While LLM-based passage expansion is effective in improving initial retrieval performance, it often degrades in dense retrieval systems due to semantic bias and mismatch with the pre-trained semantic space. Furthermore, only a portion of a passage is relevant to the query, while the remainder introduces noise, and chunking techniques break co-reference continuity. In this paper, we propose Coreference-Linked Augmentation for Passage Retrieval (CLAP), a lightweight LLM-based augmentation framework that partitions passages into coherent chunks, resolves co-reference chains, and generates local pseudo-queries aligned with the dense searcher representation. By simply fusion of global topic signals with fine-grained subtopic signals, we achieve robust performance across a variety of domains. CLAP consistently improves performance as the searcher's performance increases, enabling the dense searcher to achieve performance comparable to or exceeding that of two-stage rankers such as BM25 + MonoT5-3B (up to 20.68% absolute improvement in nDCG@10). These improvements are particularly noticeable in domain-free settings, where existing LLM-based extension methods relying on domain knowledge often fail. CLAP instead adopts a logic-driven pipeline, enabling robust, domain-independent generalization.

Takeaways, Limitations

Takeaways:
A new method (CLAP) is presented to overcome the limitations of LLM-based passage expansion.

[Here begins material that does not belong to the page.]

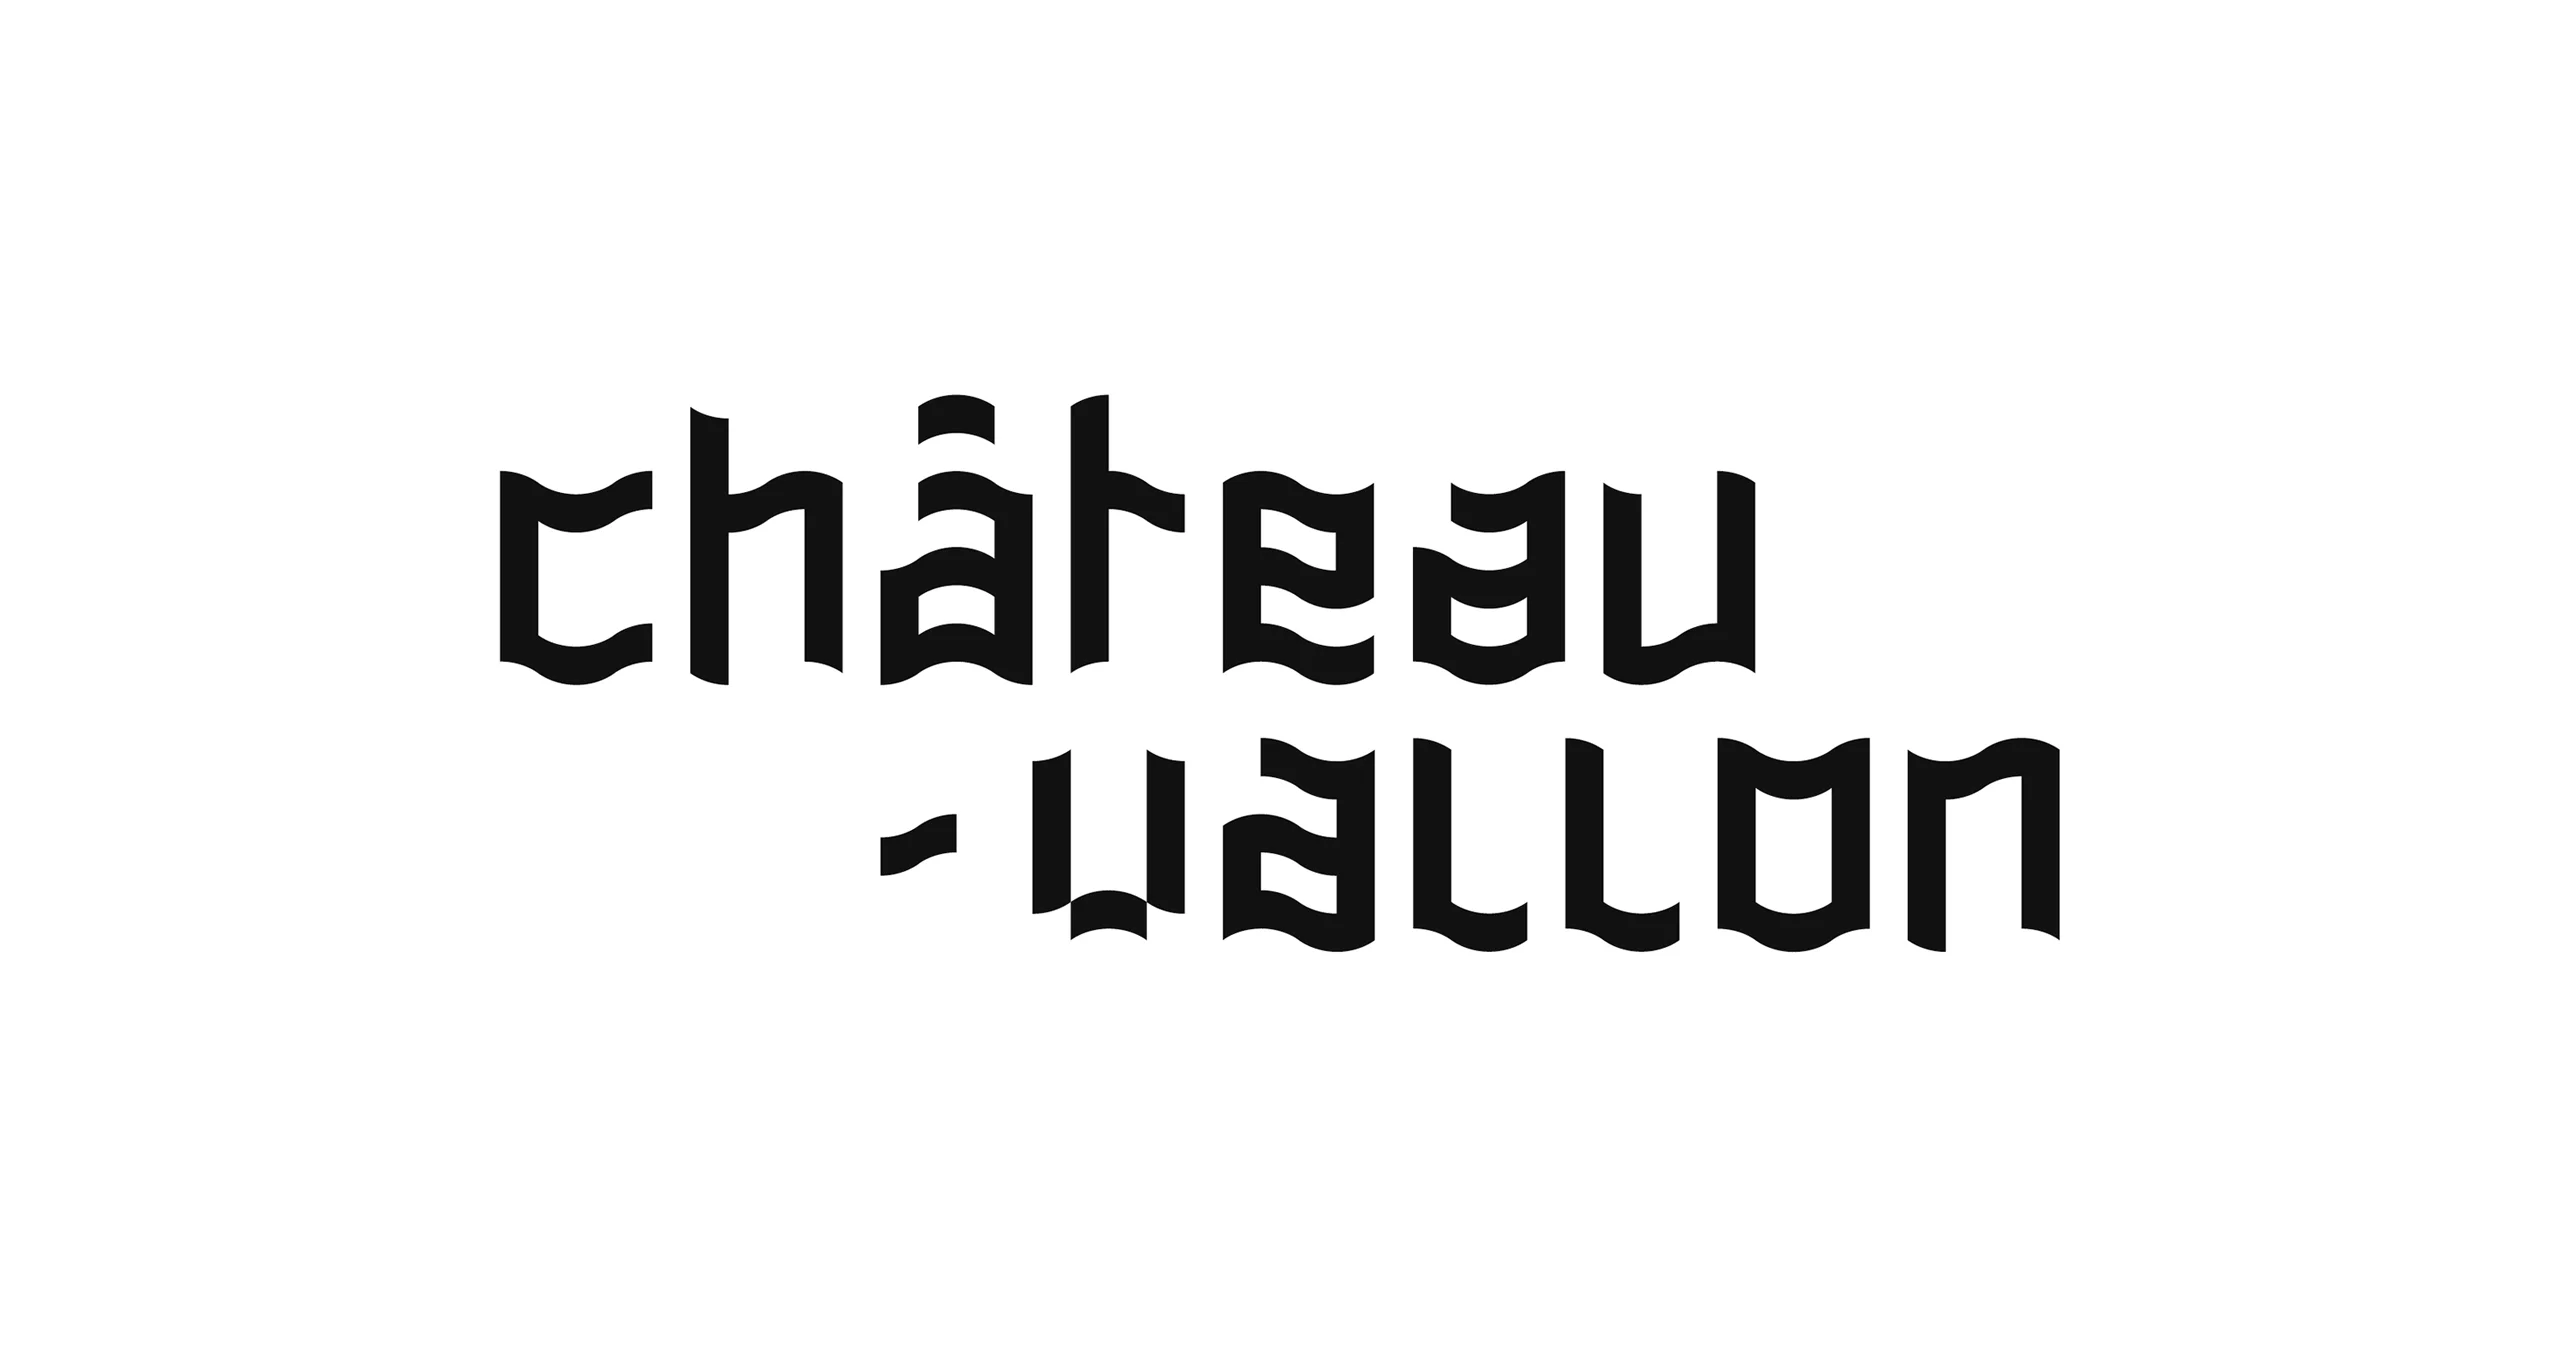 Logotype de la Scène Nationale Châteauvallon-Liberté, formé par le mélange de la typo qui ondule du logo Chateauvallon et de la typo pixelisées du logo Le Liberté

Significantly improves the performance of high-density search engines, achieving performance beyond that of tier 2 rankers.
Excellent domain-independent generalization performance.
Noise reduction through co-reference resolution and local pseudo-query generation.
Limitations:
Further experiments are needed to determine whether CLAP's performance improvements are consistent across all situations.
Need to explore optimization possibilities and limitations for specific domains.
Since it is LLM-based, there is a possibility that the limitations of LLM (e.g., computational cost, bias) may have an impact.